Okay to Change Database Encoding (utf8 -> utf8mb4)?

After upgrading to the latest OJS (3.1.1.2), I also changed the database collation from utf8_unicode_ci to utf8mb4_unicode_ci using phpMyAdmin.

I did so using PMA under (OJS) Database → Operations → Collation. I also selected the two options that appear, “Change all tables collations” and “Change all tables columns collations”.

Are there any potential issues with having done so?

Also, I now have the following in config.inc.php:

client_charset = utf-8
connection_charset = utf8mb4
database_charset = utf8mb4

Is that correct?

Hi @wptx,

I haven’t used those settings myself – but generally speaking, you can check by making sure that multibyte content presents properly on the website, and by also checking using a tool like phpMyAdmin (or the command-line mysql client) that content looks fine there. Generally I check to make sure that MySQL has the right understanding of content lengths e.g. by running a LENGTH query on some rich content (e.g. containing accented and unaccented characters). If your configuration is incorrect or inconsistent a LENGTH query will report the wrong number.
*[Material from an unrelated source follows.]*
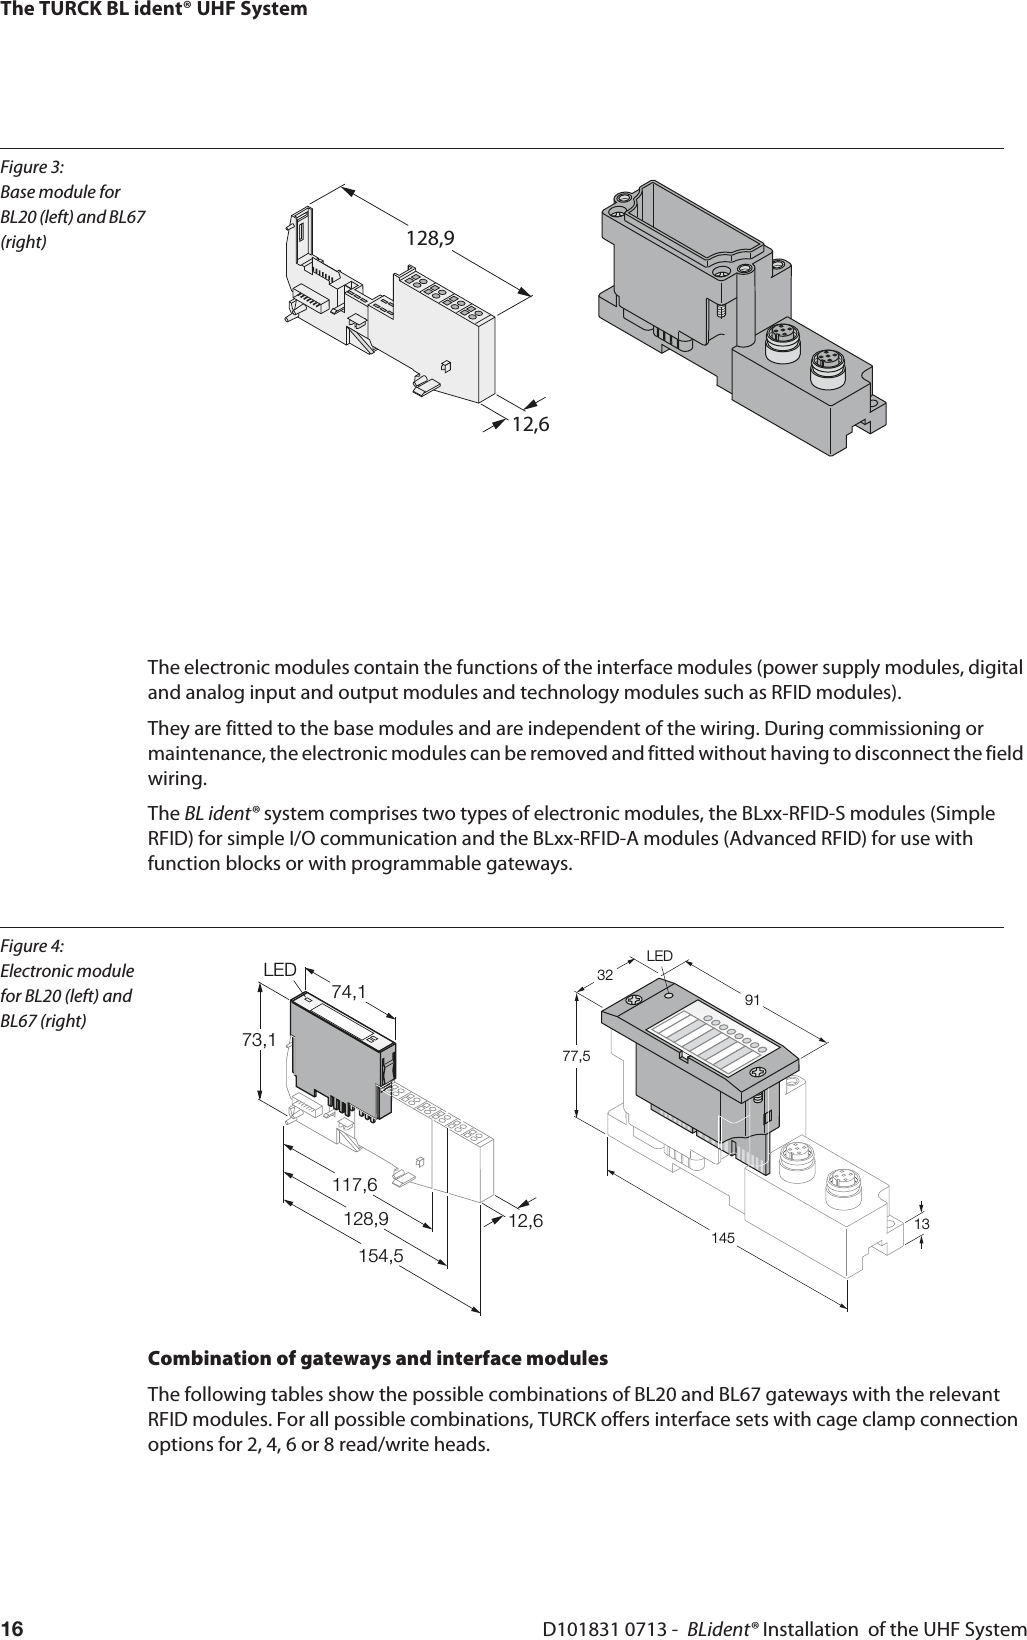 Figure 3: Base module for BL20 (left) and BL67 (right)128,912,6The TURCK BL ident® UHF SystemD101831 0713 -  BLident® Installation  of the UHF System16The electronic modules contain the functions of the interface modules (power supply modules, digital and analog input and output modules and technology modules such as RFID modules).They are fitted to the base modules and are independent of the wiring. During commissioning or maintenance, the electronic modules can be removed and fitted without having to disconnect the field wiring.The BL ident® system comprises two types of electronic modules, the BLxx-RFID-S modules (Simple RFID) for simple I/O communication and the BLxx-RFID-A modules (Advanced RFID) for use with function blocks or with programmable gateways.Figure 4: Electronic module for BL20 (left) and BL67 (right)154,512,674,1LED128,9117,673,1LED913277,513145Combination of gateways and interface modulesThe following tables show the possible combinations of BL20 and BL67 gateways with the relevant RFID modules. For all possible combinations, TURCK offers interface sets with cage clamp connection options for 2, 4, 6 or 8 read/write heads.

(This seems like a convoluted way to test but I’ve found that when you’re secure-shelled into a server, your console or SSH client may sometimes correct encodings for you rather than reporting that they aren’t as expected, so they can’t always be trusted to report what you’re getting verbatim.)

Regards,
Alec Smecher
Public Knowledge Project Team

1 Like

It appears to return LENGTH correctly, at least for new/modified mixed content. I’ve not seen any issues with the display of existing content, so it seems to be a correct method to modify the collation and specify the character set.

I was concerned when I encountered another error, but that appears to be unrelated to database changes.
Thanks for the tips.